──────── RECORDS FOR THE TASK ────────
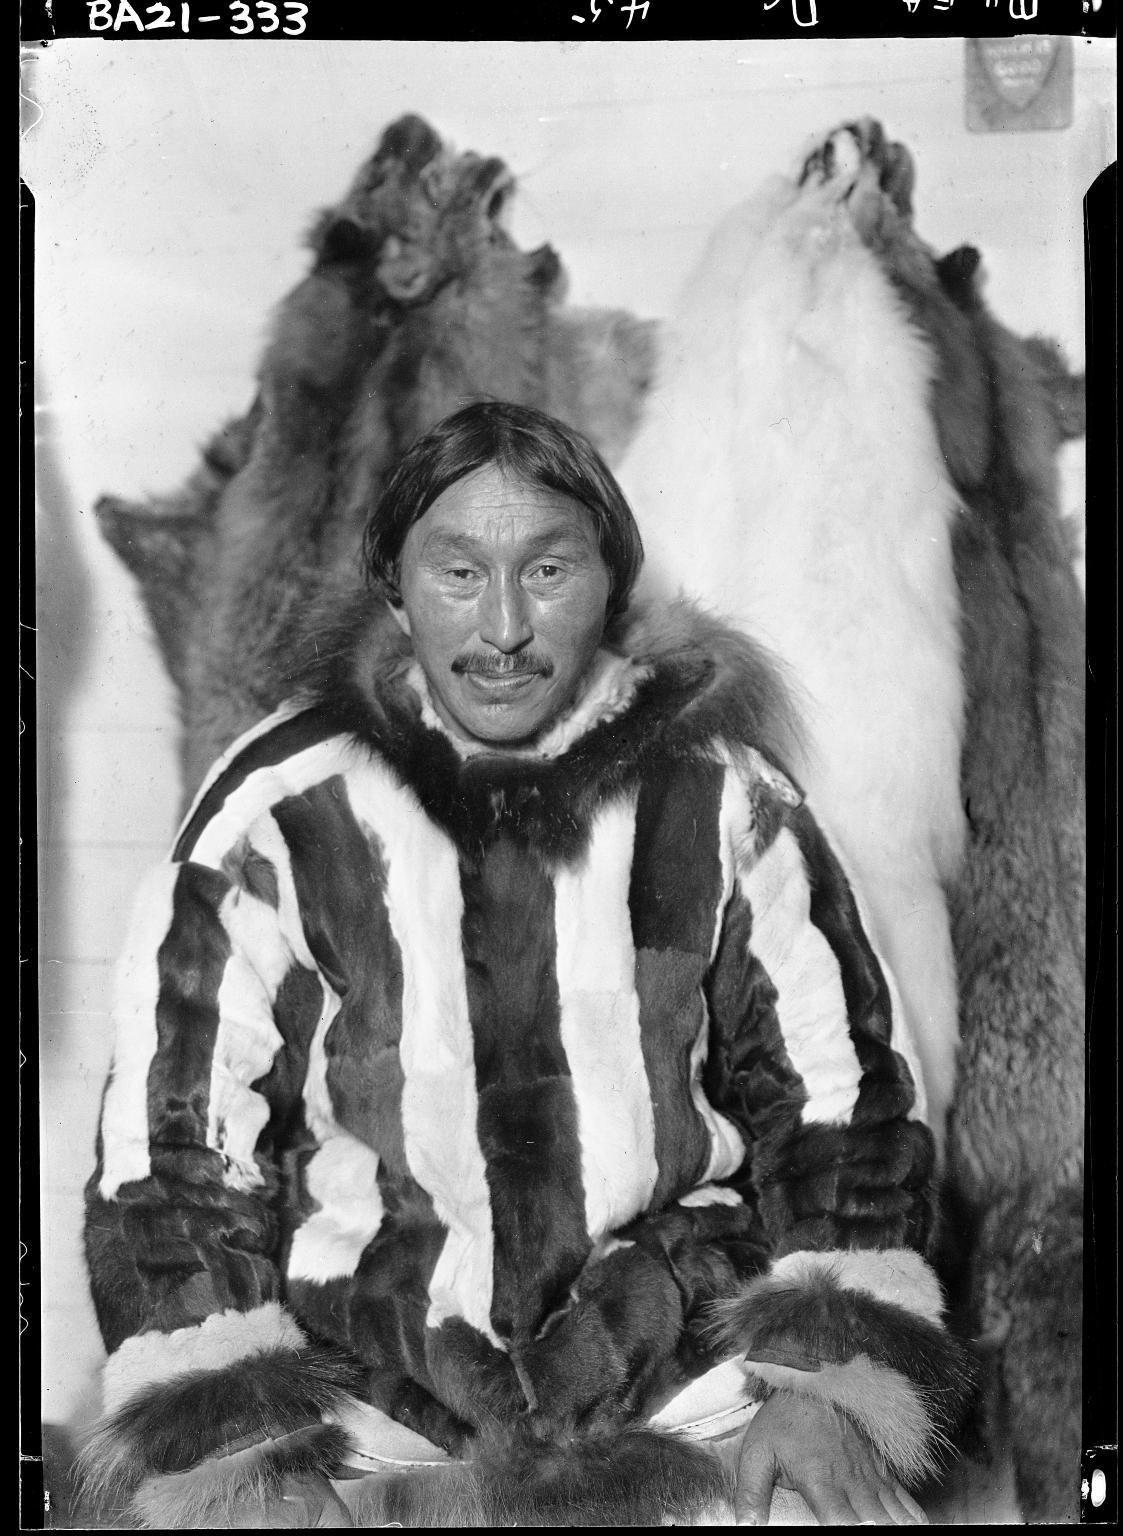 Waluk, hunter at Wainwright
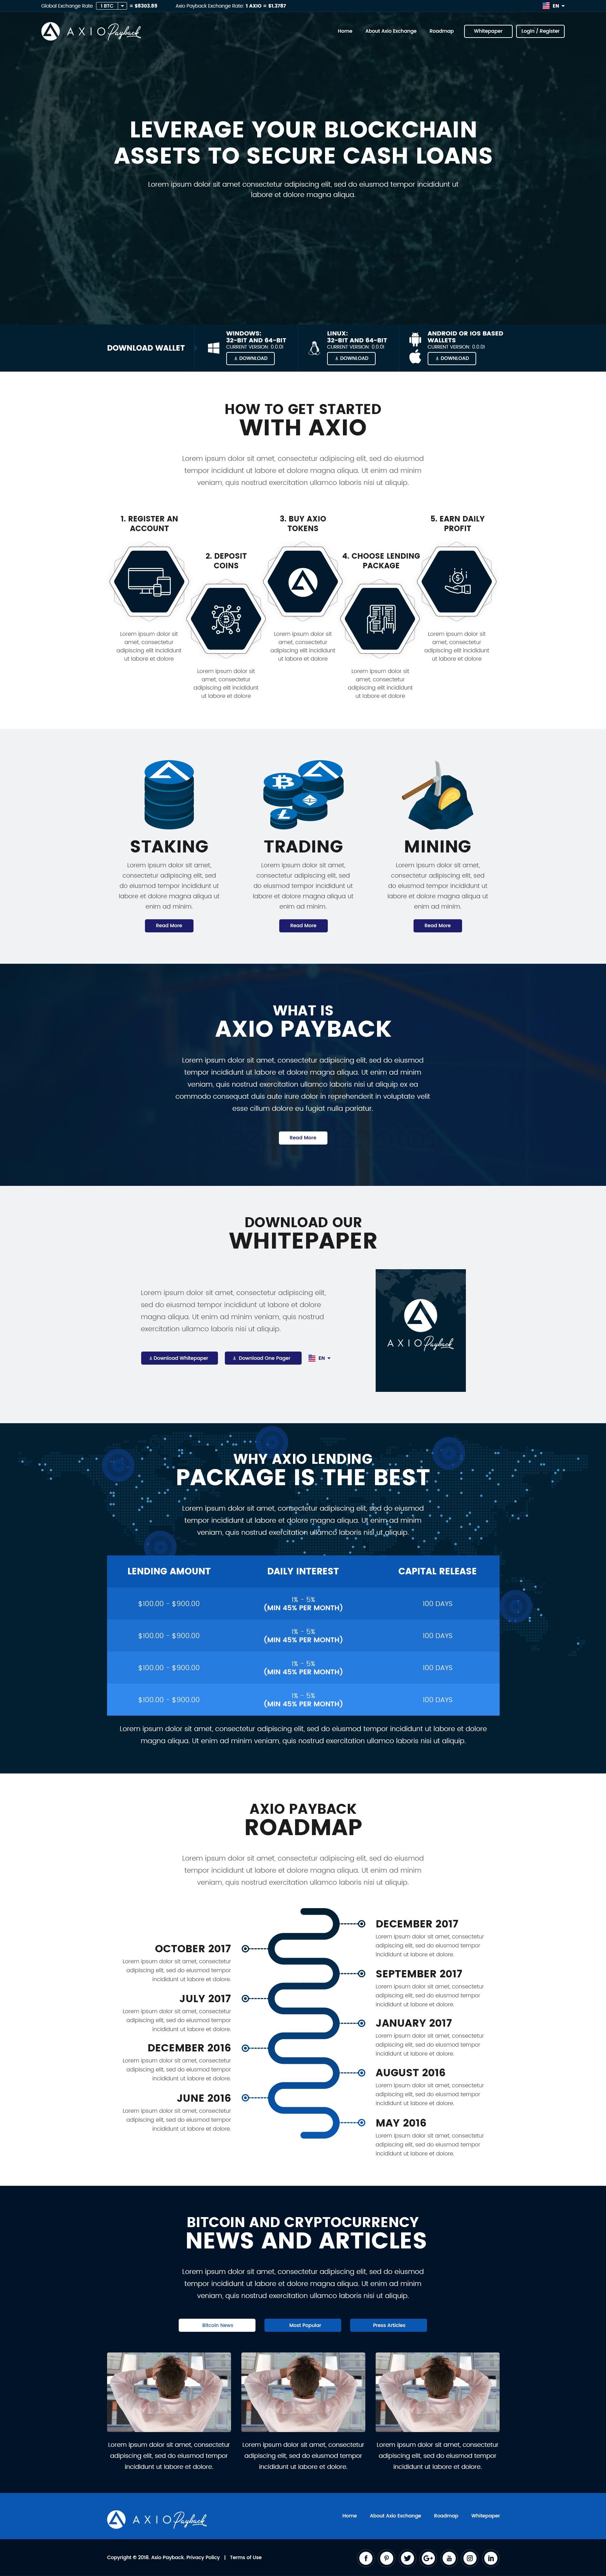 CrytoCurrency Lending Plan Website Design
────────
──────── RECORDS FOR THE TASK ────────
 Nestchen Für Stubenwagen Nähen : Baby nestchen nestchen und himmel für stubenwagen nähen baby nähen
────────
* **GOAL OF THE EXERCISE**: The answer must be the lines above from the one containing "Waluk, hunter at Wainwright" through the one containing "CrytoCurrency Lending Plan Website Design", reproduced exactly, with no pictures and nothing else.

* **OUTPUT BELOW**:
 Waluk, hunter at Wainwright
 CrytoCurrency Lending Plan Website Design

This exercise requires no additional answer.